Slight corruptions at different points lead to wildly different (but meaningful) output:

    $ ./ts_sms.exe d -F base64 FRdNZC0WYw==
    Dionis Ellison

    Dionis Ellison is an American film director,
    $ ./ts_sms.exe d -F base64 ERcNZC0WYw==
    A preliminary assessment of an endodontic periapical fluor
    $ ./ts_sms.exe d -F base64 ERdNYC0WYw==
    A bird in the hand and love of the divine
    $ ./ts_sms.exe d -F base64 ERdNZC1WYw==
    A bird in the hand is worth thinking about
    $ ./ts_sms.exe d -F base64 ERdNZD0WYw==
    A bird in the hand is nearly as big as the human body
    $ ./ts_sms.exe d -F base64 ERdNZC0wYw==
    A bird in the hand is worth something!
    
    Friday
    $ ./ts_sms.exe d -F base64 ERdNZC0XYw==
    A bird in the hand is worth two studies

yalok 1 year ago |

What’s the size of the model used here?

GaggiX 1 year ago | |

The model used is RWKV 169M v4.

jonplackett 1 year ago |

Would this also work for video encoding using something like Sora?

Get Sora to guess the next frame and then correct any parts that are wrong?

I mean, it would be an absolutely insane waste of power, but maybe one day it’ll make sense!

MPSimmons 1 year ago |

Cool, now all I need is the tiny encoded message and a 7+B weight model, plus some electricity.

This is more like a book cipher than a compression algorithm.

mlok 1 year ago |

LLMs, and now this, make me think of the (non-existant) "Sloot Digital Coding System" that could be viewed as a form of "compression".

https://en.m.wikipedia.org/wiki/Sloot_Digital_Coding_System

bongodongobob 1 year ago | |

I view it as a form of fraud. There's no way that worked or could have worked.

dekhn 1 year ago | | |

Perhaps not literally, but you can easily imagine training an embedding on a large amount of existing video, and then delivering somebody "the point in space that decodes to the video with the least residual compared to the original".

Conceptually, most modern movies are just linear combinations of basis tropes (tvtropes.org).

mlok 1 year ago | | |

Yes that is why I specified it was non-existent. But the idea behind it is in the same vein somehow. Maybe what Sloot envisioned was something similar to LLMs.

perching_aix 1 year ago | | |

I thought I had come up with something with a similar performance once. Then a couple hours later I realized that I just (still) suck at combinatorics :)

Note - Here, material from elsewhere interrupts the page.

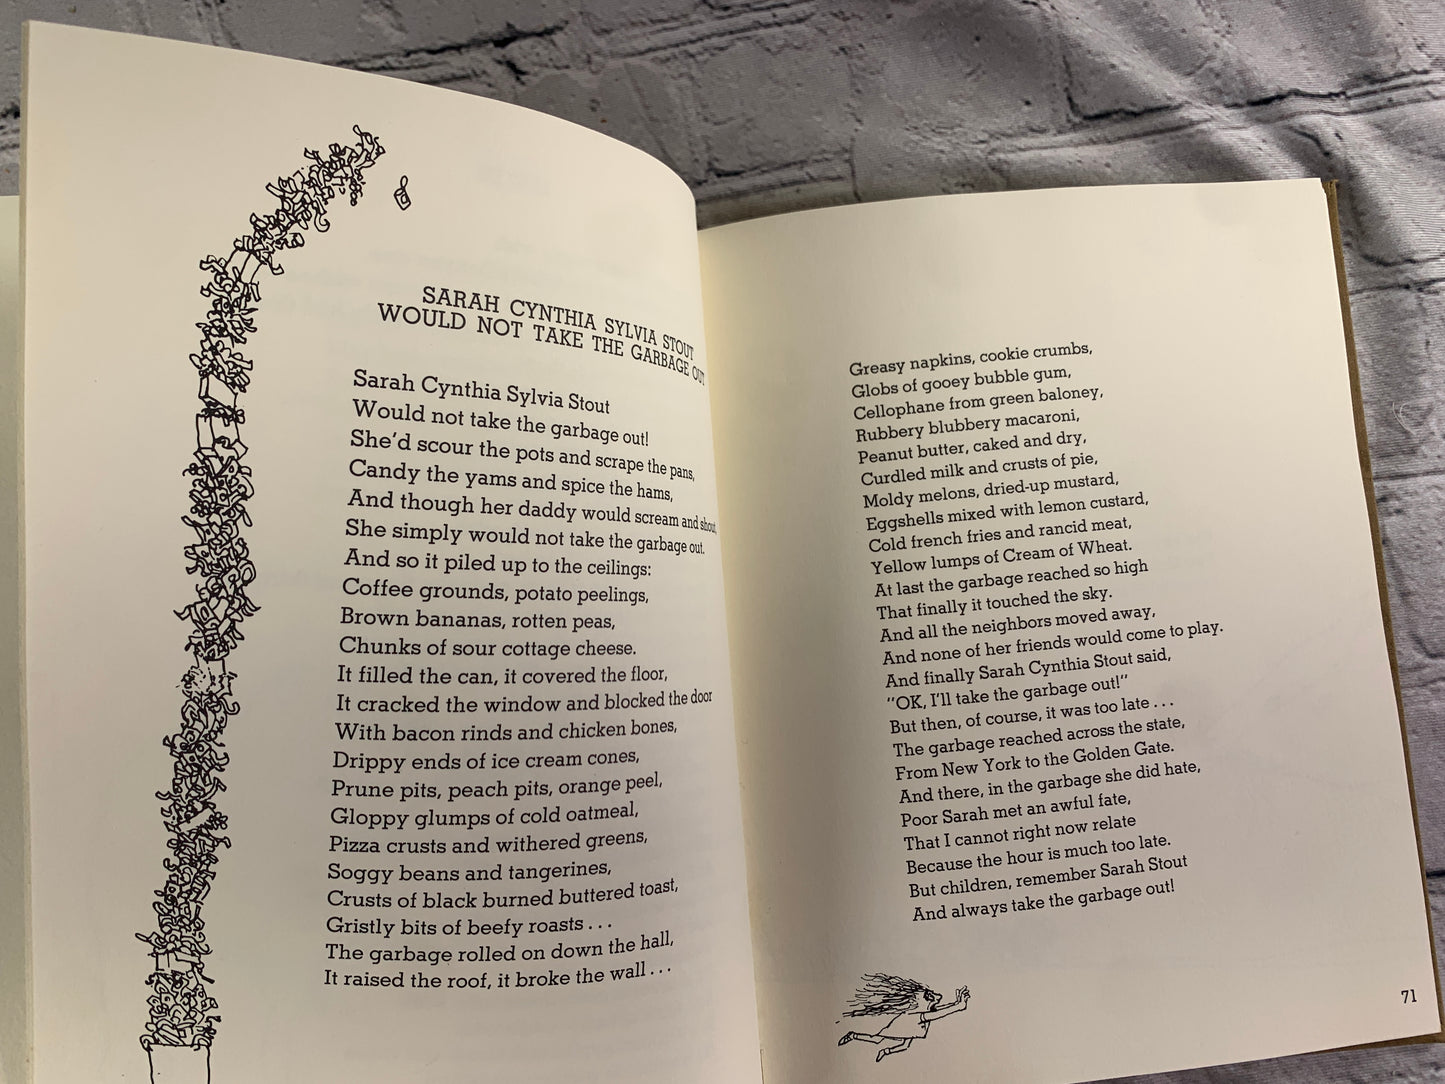 Where The Sidewalk Ends Poems and Drawings of Shel Silverstein [1974]

RandomThoughts3 1 year ago |

It’s a very clever idea.

I could see it becoming very useful if on device LLM becomes a thing. That might allow storing a lot of original sources for not much additional data. We might be able to get an on device chat bot sending you to a copy of Wikipedia/reference material all stored on device and working fully offline.

zamadatix 1 year ago | |

If mobile phone conversations over the last 2 decades have taught me anything it's that people talk about anything but battery life and ultimately the crowd ends up doing "whatever means I don't have to put it on the charger twice a day". Especially when the base iPhone SE already has enough storage to fit more text than one could read in their life anyways.

lxgr 1 year ago | |

If you like that idea, give Kiwix a try! Best ~60 GB I have stored on my phone :) And it comes in handy more often than initially expected.